I have a use case where an API i'm calling to retrieve data to put into elasticsearch is returning nulls.
I need to write an ingest pipeline that uses processors to remove all null fields before writing it into elasticsearch. Processors may or may not use painless scripting.
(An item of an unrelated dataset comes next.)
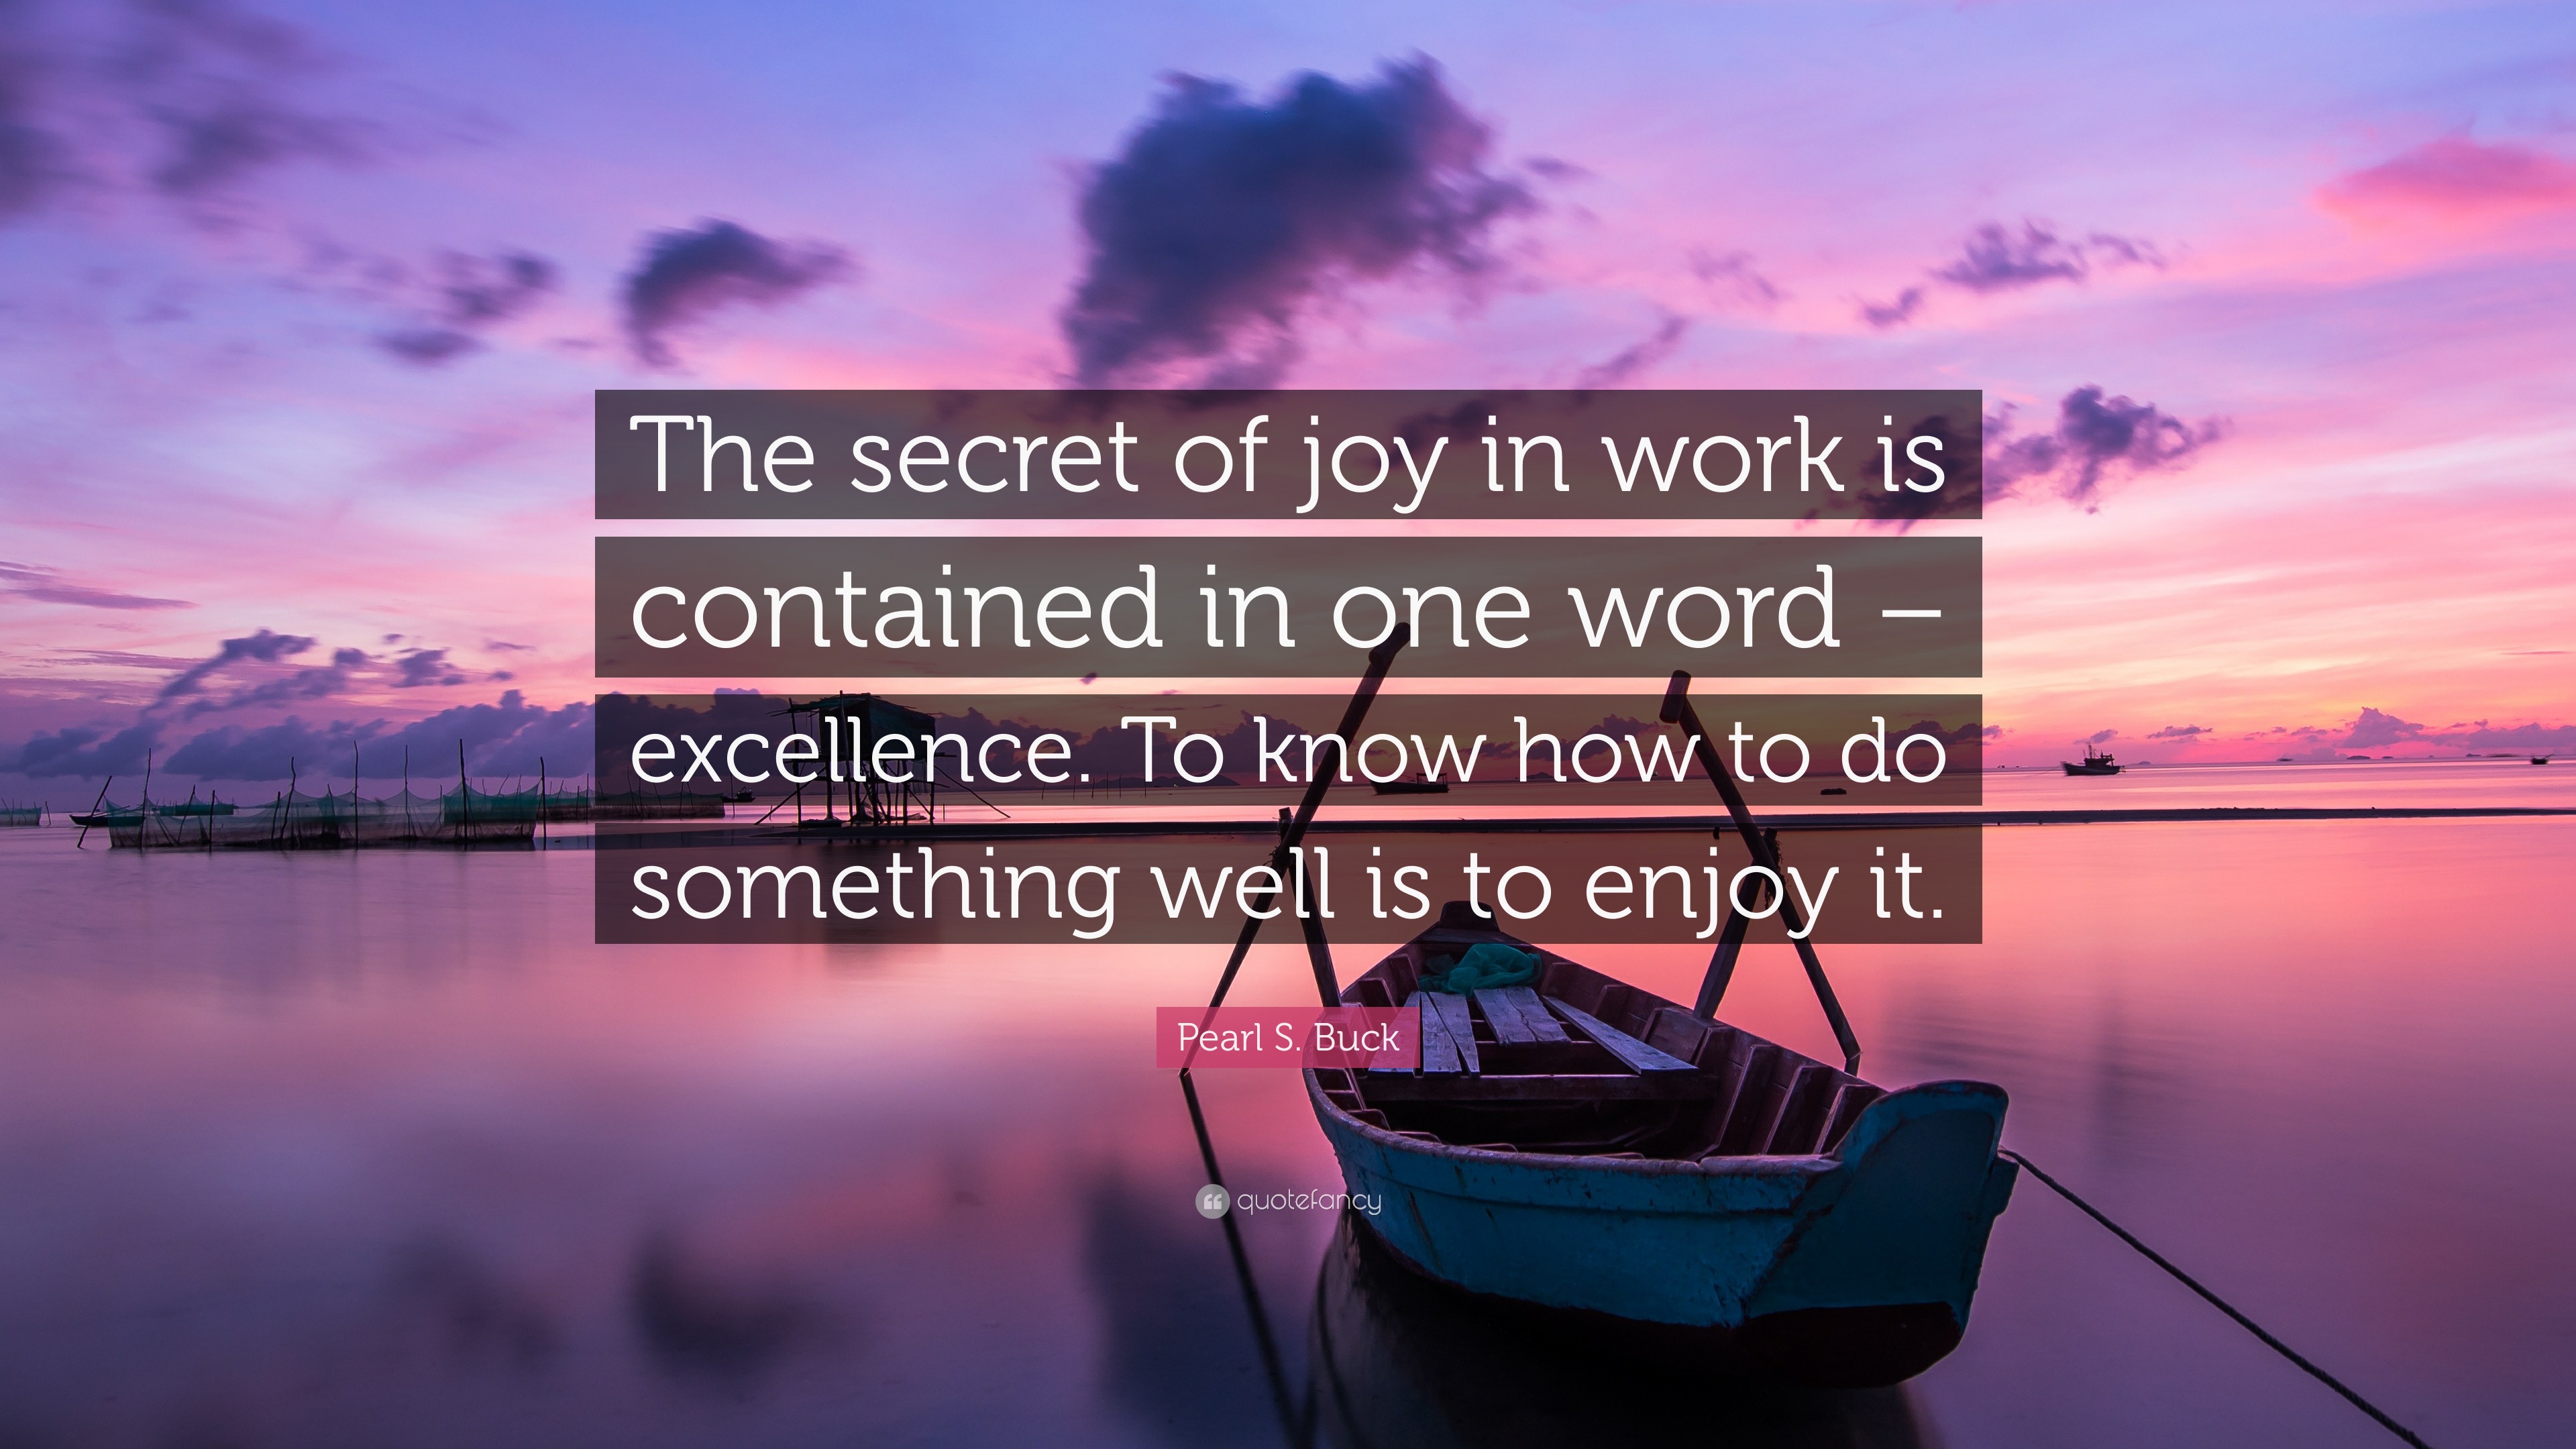 Pearl S. Buck Quote: “The secret of joy in work is contained in one ...

Here is a sample payload that i currently get from the API
{
"master_desc": "TESTING PART",
"date_added": "2019-10-24T09:30:03",
"master_no": {
"master_no": 18460110,
"barcode": "NLSKYTEST1-1",
"external_key": null,
"umid": null
}
}
The pipeline should ideally insert the document as -
{
"master_desc": "TESTING PART",
"date_added": "2019-10-24T09:30:03",
"master_no": {
"master_no": 18460110,
"barcode": "NLSKYTEST1-1"
}
}
Note, the fields are dynamic so i can't write a processor that checks for nulls against a defined set of fields.
Thanks!
Null fields are not indexed nor are searchable.I have written below pipeline to remove such fields. Please test it before use on all of your scenarios. After posting documents using this pipeline, you won't be able to search null fields using "exists"
Pipeline:
PUT _ingest/pipeline/remove_null_fields
{
"description": "Remove any null field",
"processors": [
{
"script": {
"source": """
// return list of field with null values
def loopAllFields(def x){
def ret=[];
if(x instanceof Map){
for (entry in x.entrySet()) {
if (entry.getKey().indexOf("_")==0) {
continue;
}
def val=entry.getValue();
if( val instanceof HashMap ||
val instanceof Map ||
val instanceof ArrayList)
{
def list=[];
if(val instanceof ArrayList)
{
def index=0;
// Call for each object in arraylist
for(v in val)
{
list=loopAllFields(v);
for(item in list)
{
ret.add(entry.getKey()+"["+index+"]."+ item);
}
index++;
}
}
else
{
list =loopAllFields(val);
}
if(list.size()==val.size())
{
ret.add(entry.getKey());
}
else{
for(item in list)
{
ret.add(entry.getKey()+"."+ item);
}
}
}
if(val==null)
{
ret.add(entry.getKey());
}
}
}
return ret;
}
/* remove fields from source, recursively deletes fields which part of other fields */
def removeField(def ctx, def fieldname)
{
def pos=fieldname.indexOf(".");
if(pos>0)
{
def str=fieldname.substring(0,pos);
if(str.indexOf('[')>0 && str.indexOf(']')>0)
{
def s=str.substring(0,str.indexOf('['));
def i=str.substring(str.indexOf('[')+1,str.length()-1);
removeField(ctx[s][Integer.parseInt(i)],fieldname.substring(pos+1,fieldname.length()));
}
else
{
if(ctx[str] instanceof Map)
{
removeField(ctx[str],fieldname.substring(pos+1,fieldname.length()));
}
}
}else{
ctx.remove(fieldname);
}
return ctx;
}
def list=[];
list=loopAllFields(ctx);
for(item in list)
{
removeField(ctx,item);
}
"""
}
}
]
}
Post Document:
POST index8/_doc?pipeline=remove_null_fields
{
"master_desc": "TESTING PART",
"ddd":null,
"date_added": "2019-10-24T09:30:03",
"master_no": {
"master_no": 18460110,
"barcode": "NLSKYTEST1-1",
"external_key": null,
"umid": null
}
}
Result:
"hits" : [
{
"_index" : "index8",
"_type" : "_doc",
"_id" : "06XAyXEBAWHHnYGOSa_M",
"_score" : 1.0,
"_source" : {
"date_added" : "2019-10-24T09:30:03",
"master_no" : {
"master_no" : 18460110,
"barcode" : "NLSKYTEST1-1"
},
"master_desc" : "TESTING PART"
}
}
]